Оглядываю кухню. Плита зажжена, и на одной из конфорок побулькивает кастрюля. Вместе с паром поднимается насыщенный, пряный аромат. Мой рот наполняется слюной. Кажется, прошло много времени, пока Фелиция вернулась.
— Ее трудно уложить. Я сижу с ней, сижу, а когда собираюсь уходить, она сразу вскакивает.
Я ничего не знаю о маленьких детях. Я думал, они ложатся и засыпают, когда их укладывают в кровать.

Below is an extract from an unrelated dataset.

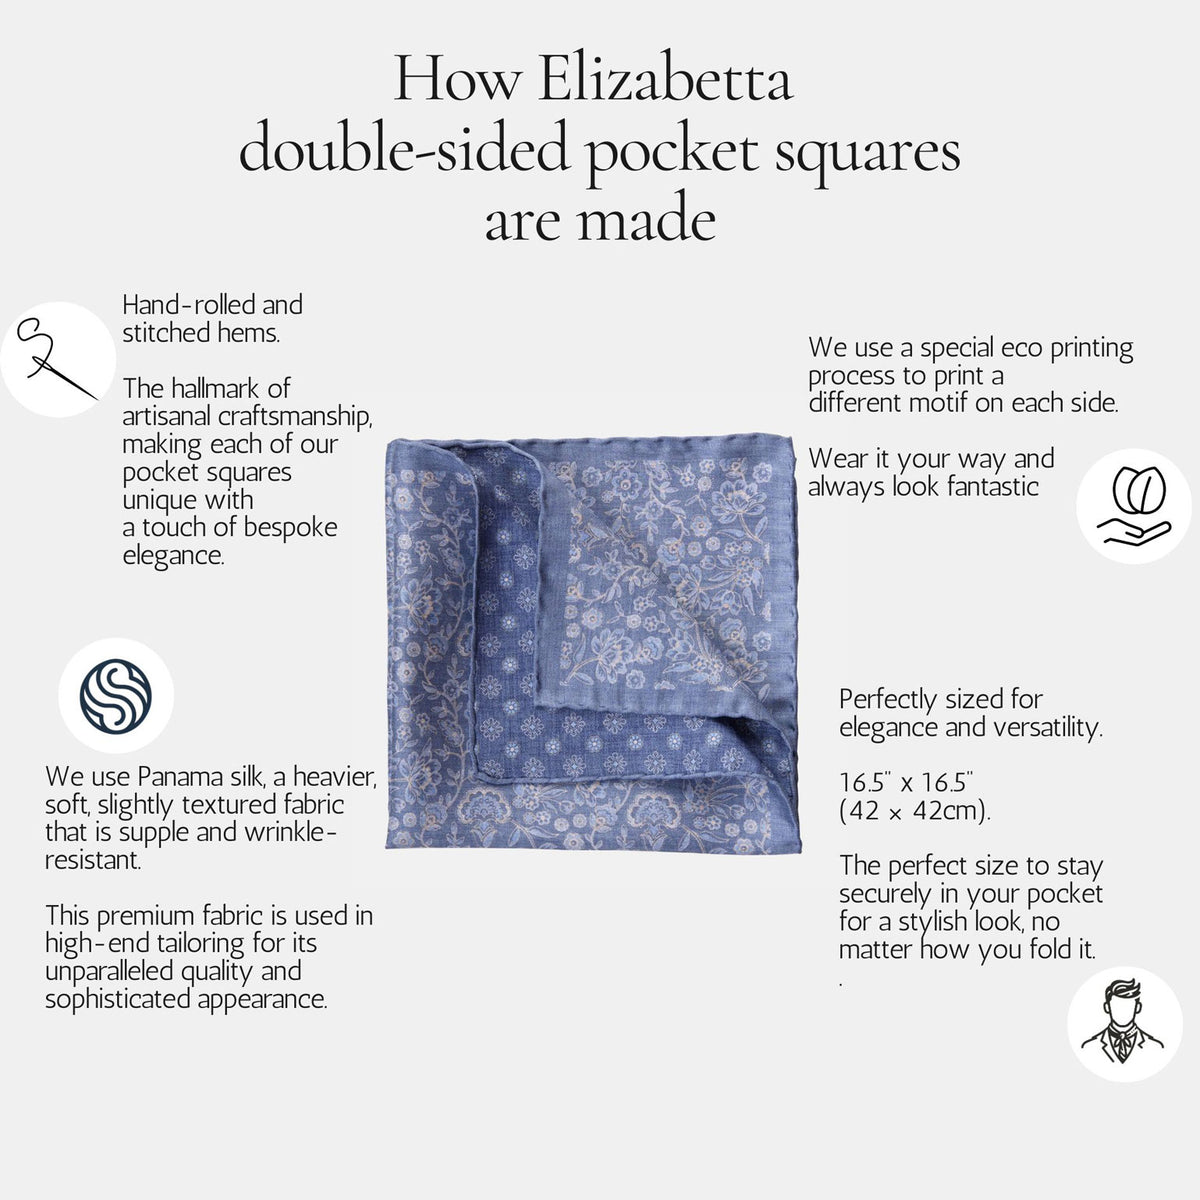 How Elizabetta double-sided pocket square is made

— Хочешь куриного супа? — спрашивает Фелиция.
— Это ты приготовила?
— Я еще учусь. Спрашиваю у Долли, как что делается, и записываю все, что она говорит. Сегодня утром она принесла курицу для супа и нарезала на куски. Я сделала остальное.
— Пахнет приятно.
— Я надеюсь. — Фелиция берет прихватку, поднимает крышку и отступает назад, когда ее обдает облаком пара. Потом опять осторожно приближается к кастрюле. — Не знаю, что получилось, — говорит она.
— Дай глянуть.
— Ладно, — с сомнением произносит она и протягивает мне прихватку. Я смотрю в кастрюлю, в которой четыре куска курицы плавают среди желтых пятен жира. Еще там есть морковка и лук, а также связанные ниточкой лавровые листья и тимьян.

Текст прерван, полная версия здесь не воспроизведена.